I am no mystic and have little taste for poetry, nor do I well understand either. I suspect I am too literal for both. The Dark Night of the Soul by St John of the Cross is the Great Book discussed on the National Review podcast that dropped today. Armed with that further revelation, I tried this poem again. I still look at it almost blankly, with only a few lines evocative and not much that matches my experience.
Yet another dark night of the soul I understand better. St. Teresa had a shining vision of what God would have her do when she was a girl - and barely heard from God again nor felt His presence for decades after.
The two statements, 11 weeks apart, are extravagantly dissonant. The first is typical of the woman the world thought it knew. The second sounds as though it had wandered in from some 1950s existentialist drama.
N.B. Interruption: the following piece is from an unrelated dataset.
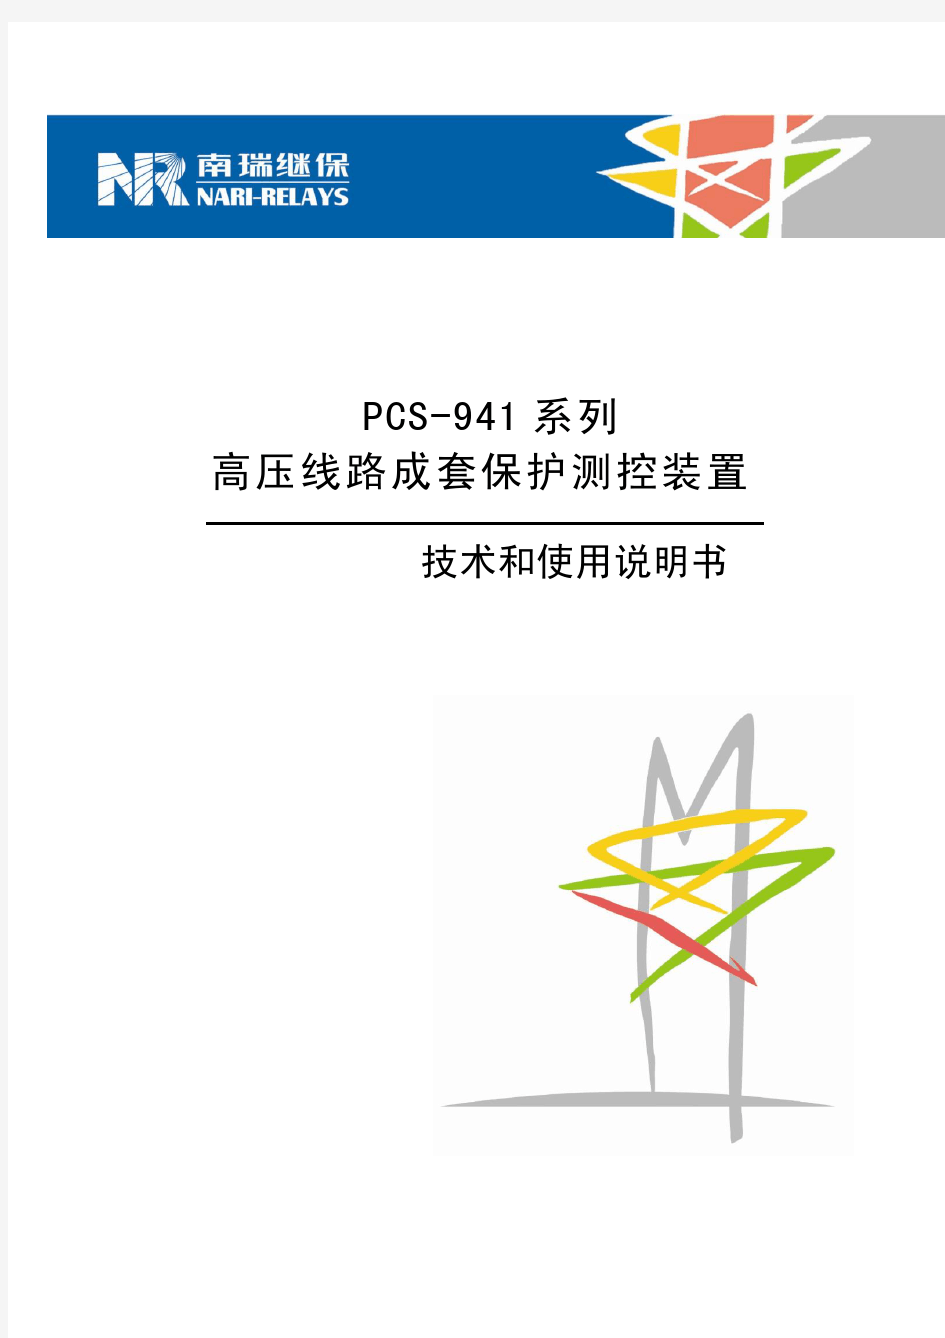 PCS-941保护测控装置技术和使用说明书_标准版110504
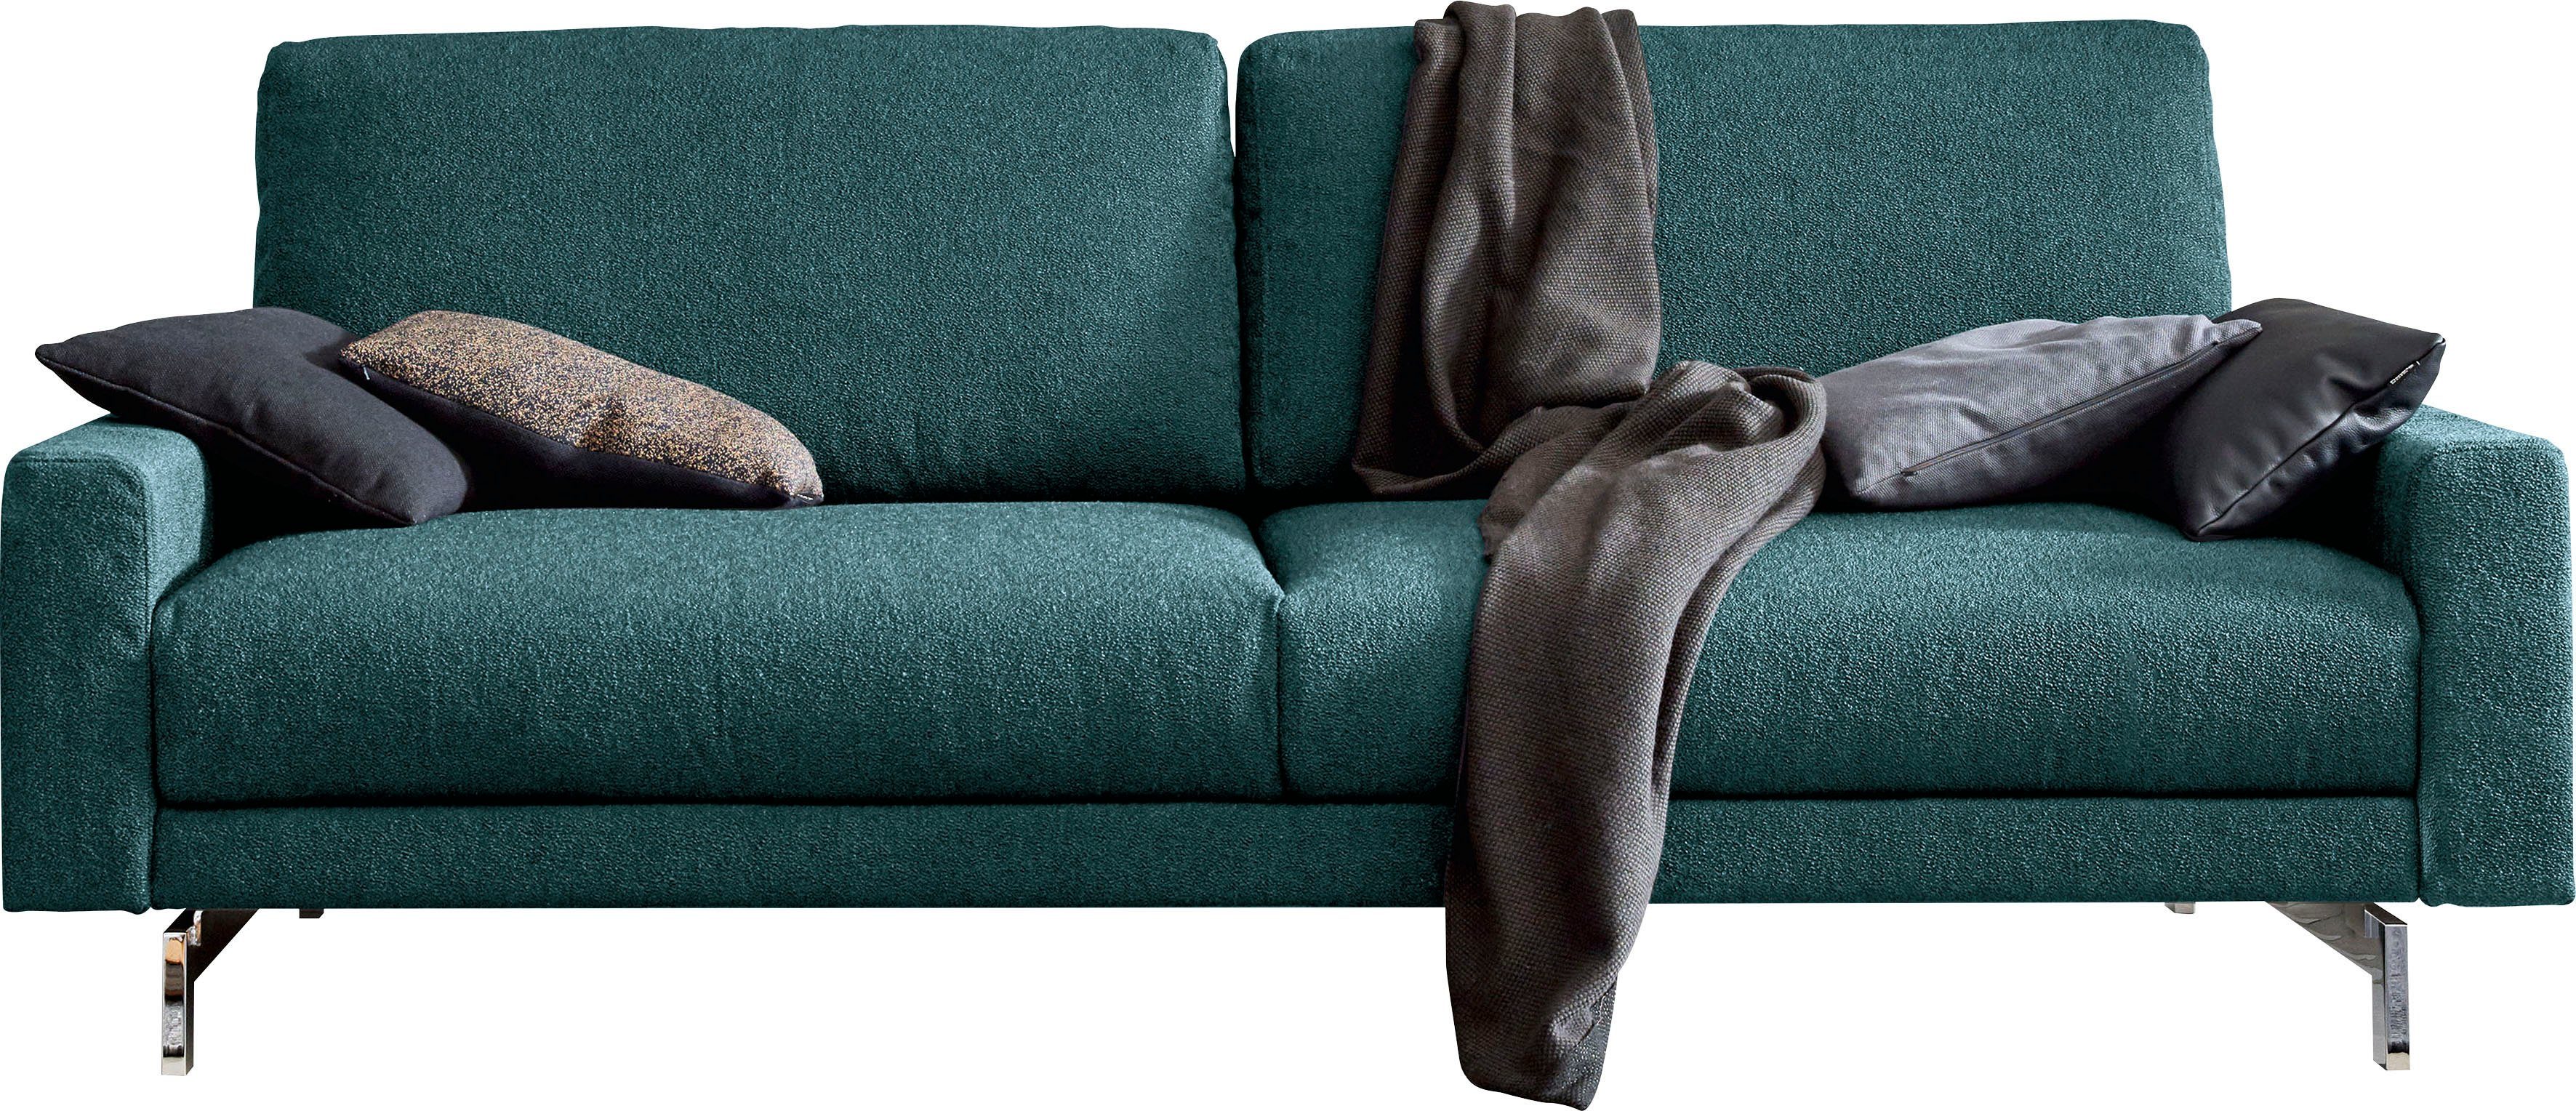 hülsta Fuß glänzend, hs.450, 2-Sitzer chromfarben niedrig, cm Breite Armlehne sofa 164

Together they suggest a startling portrait in self-contradiction–that one of the great human icons of the past 100 years, whose remarkable deeds seemed inextricably connected to her closeness to God and who was routinely observed in silent and seemingly peaceful prayer by her associates as well as the television camera, was living out a very different spiritual reality privately, an arid landscape from which the deity had disappeared.
That is from Mother Teresa’s Crisis of Faith by David Van Biema, who was then religion editor of Time. It was written shortly after her death, and it is jarring and almost quaint to recognise that this was the period when the New Atheists were in ascendance and claimed to seep the field before them. The new atheists have been sweeping the field before them for centuries, haven't they? Van Biema mentions them and gives them a try at the podium, then returns to quoting the writings of the Saint of the Gutters. Her words are as solid as bricks beneath the feet.
My dark night is bright as noon compared to her experience, yet still I have a recognition.
1 comment:
Since he wrote both the poem and the commentary, I figure he knew what he was writing about, but he seemed to be drawing an awful lot out of the poem. Which didn't resonate with me either.